Of course, she doesn’t, but she is not alone. Arwa Mahdawi, writing for The Guardian, takes a similar tact, “When police tell us the man who confessed to killing eight people around Atlanta was having ‘a bad day’ it goes way beyond one cop making an idiotic comment.” She claims that “like clockwork, as soon as the news broke, the excuses started. Sure, what he did was terrible, but let’s not rush to describe Angry White Guy #72524 as a racist or a misogynist or a domestic terrorist!” She believes that Captain Baker’s “sympathy towards a guy who admitted to killing eight people is just the latest example of how quickly white male violence is rationalized and excused.”
Who, precisely, is making excuses for anyone or rationalizing anything? I know of no one doing either; it appears Long is a monster and he will be held accountable for these crimes. No one to my knowledge disputes this, nor does Ms. Mahdawi say herself, but she refuses to be confined to facts either. Can she tell us what evidence she has that the police “sympathized” with a mass murderer? For a poor turn of phrase at a press conference?
There is also an irony here that is, apparently, lost on both her and Ms. McNamara: They and others pushing the narrative are in fact the ones rationalizing and making excuses. Think this through with me here: If you believe Long was steeped in white supremacy and misogyny since birth, if you believe both are embedded intrinsically in Western Culture, and you believe he committed these crimes because of that awful heritage, aren’t you rationalizing and excusing evil? If white supremacy is such a powerful force, how can a poor boy resist it?

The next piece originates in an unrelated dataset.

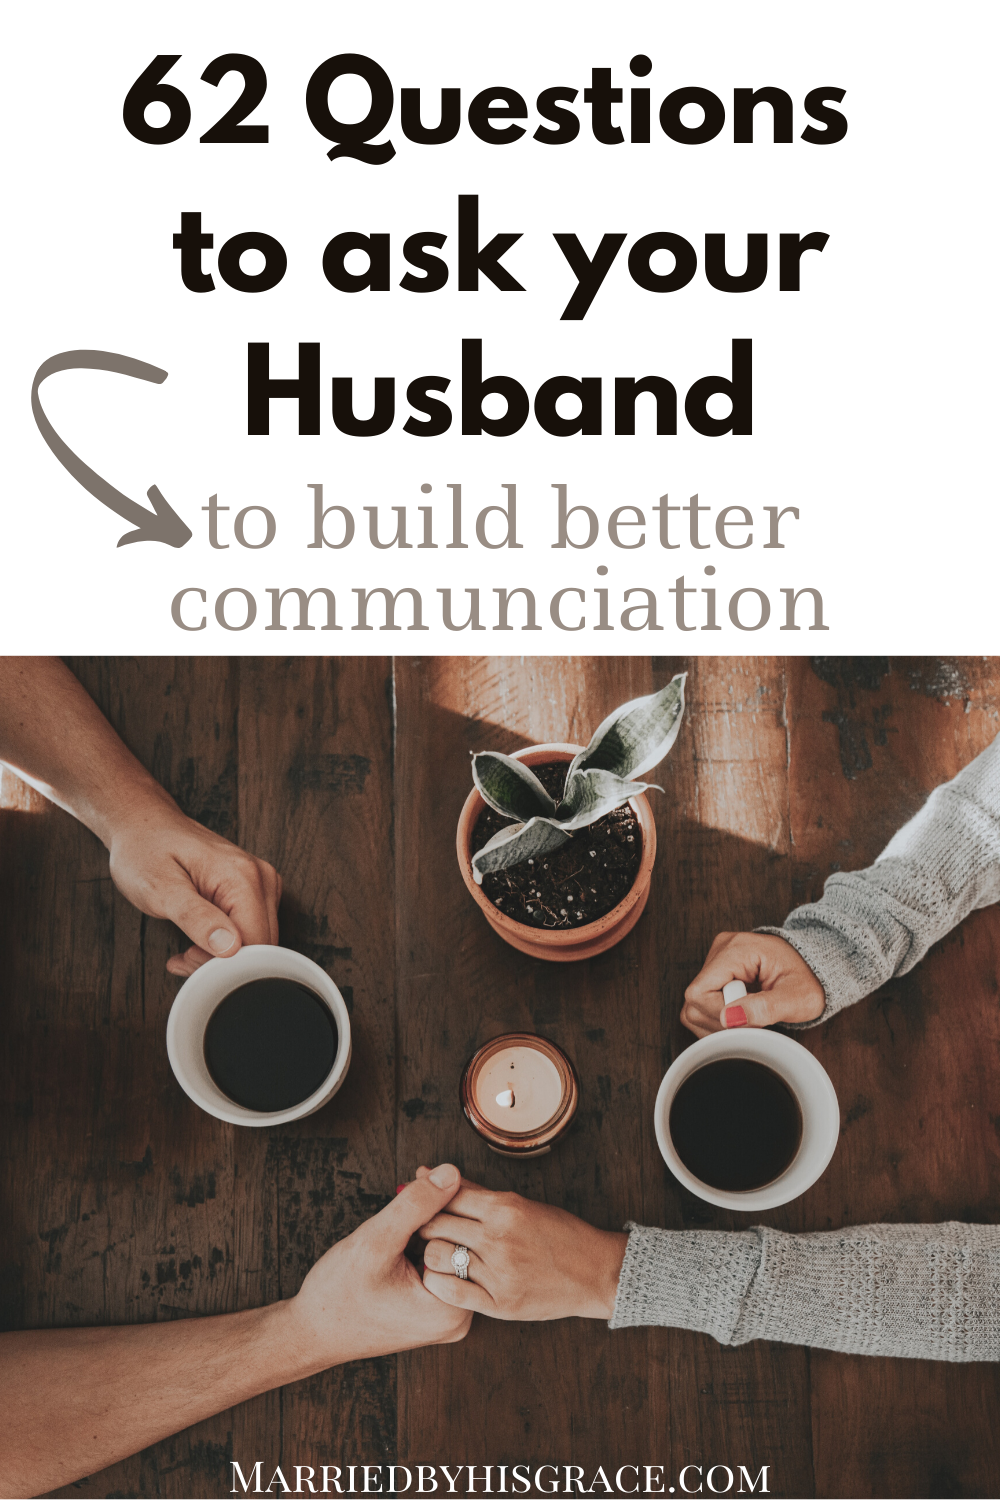 62 Questions to ask your Husband to build better communication in your marriage

Damon Young, writing for The Root, claims that “Whiteness is a pandemic. Whiteness is a public health crisis.” If that is the case, however, how is Long responsible for his actions? Isn’t he just a victim of the virus?
I should also point out that it ’ s more than a little rich for these writers to claim that there’s any hesitancy to attribute anything to white supremacy. The charge is made daily, about everything, from TV shows to the Royal Family in England to the former President. There’s no shortage of asking people to check their privilege.
There is, however, a shortage of objectivity and perspective. There was another mass murder this week in Colorado. Ahmad Al Aliwi Alissa shot and killed ten people at a King Soopers grocery store in Boulder. The CNN article covering the story doesn’t even mention potential ties to terrorism, noting that no motive was disclosed and quoting family members who claim he was suffering from mental illness. To date, there are no articles from the usual suspects linking this murder to Islamic extremism.
I wonder why that could be: One fits their narrative, another doesn’t, and the convenient politicization continues apace.
What ever happened to….CRAZY?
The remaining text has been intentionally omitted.